Greens announce transport policy

Greg Barber
Greg Barber

THE Greens announced a new policy to re-open the Goldfields rail line on Wednesday. 

The "Geelong to Bendigo train service" policy states the party's support for a train line to link five major regional cities - Geelong, Ballarat, Maryborough, Castlemaine and Bendigo.

In an official statement the party said: "We know that people travel to nearby regional Victorian cities, and between them, not just to Melbourne.

"So our train services should link towns with regional cities, and link regional cities with each other," the statement read. 

"People will travel for work, education and health between regional centres with a decent train service."

Greens Member for the Northern Metropolitan Region Greg Barber said times had changed since passenger trains were withdrawn from the Goldfields rail lines in the 1970s.

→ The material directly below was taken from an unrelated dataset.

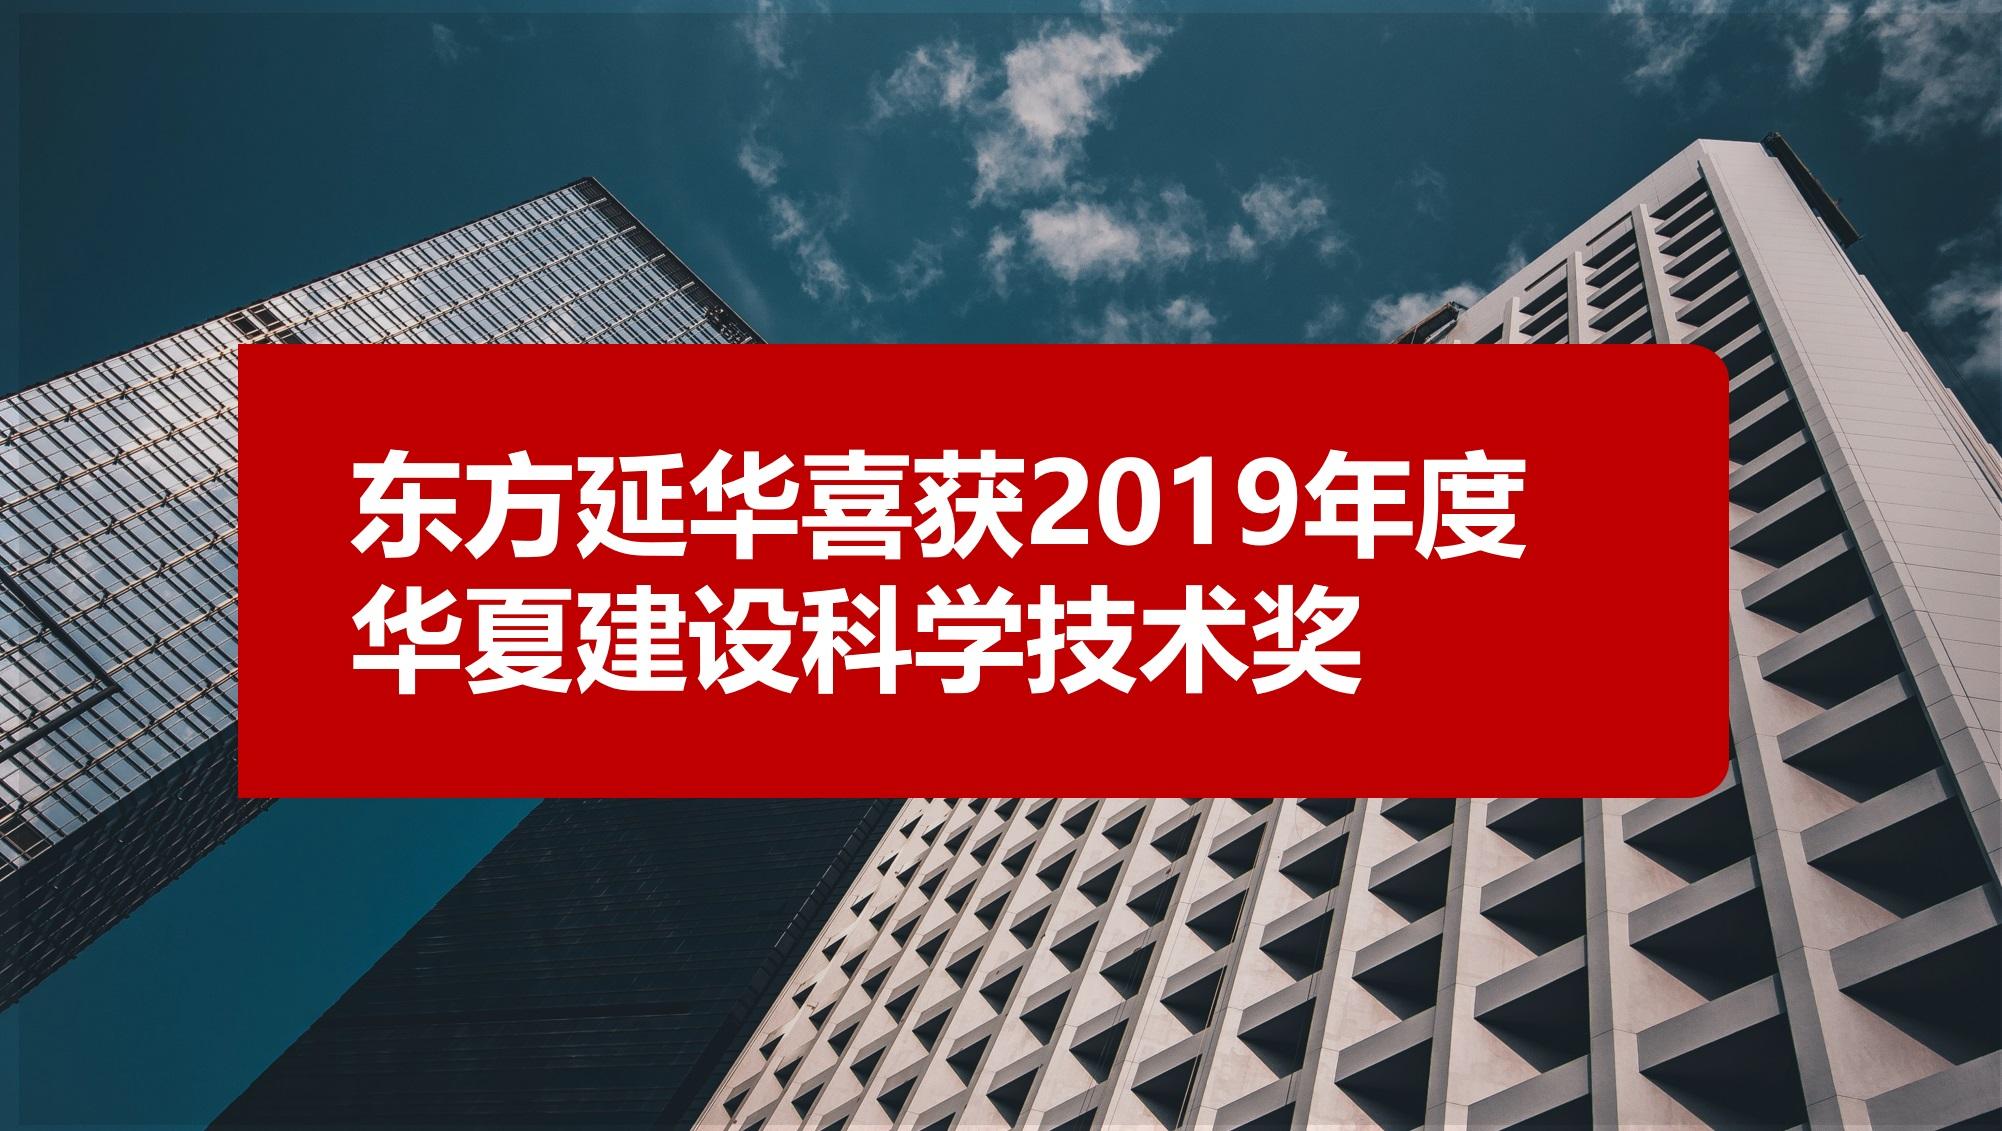 【喜报】《建筑物合同能源管理关键技术研究》获2019年度华夏建设科学技术奖

"There's been a huge increase in population growth across that region with even more planned," Mr Barber said.

Mr Barber said the revival of the regional train network would enable people to live in one city and move easily to the other for work or study. 

"Once you build the services, then people make choices about where they live," he said.

"It’d be an absolute boom for the small towns."

The new policy said the re-opening of the rail lines should take place in three stages.

Stage one was to re-open the Geelong to Ballarat line with new low-cost stations at Bannockburn and Meredith to provide a commuter service for growing communities.

Stage two was to repair and rebuild the train line between Maryborough and Castlemaine, re-open Newstead station and build new low-cost stations at Carisbrook and Guildford.

Stage three was to upgrade to a faster service once the Geelong to Castlemaine service was established and then continue to Bendigo on existing tracks.

Mr Barber said the government had done a feasibility study for the rail line revival a year ago and decided not to proceed further because of estimated costs of nearly $1 billion. 

But he said the government added costs to the feasibility study to make the project appear too difficult.

"Then they just made assumptions that hardly anybody would use it," he said.

"It is a matter of political will and they don’t seem to have it for regional public transport in any area, not just this one," he said.

Mr Barber said, instead of the East-West tunnel planned for Melbourne, the money would be better spent on public transport. 

"For that money you could build a dream public transport system for city and country," he said.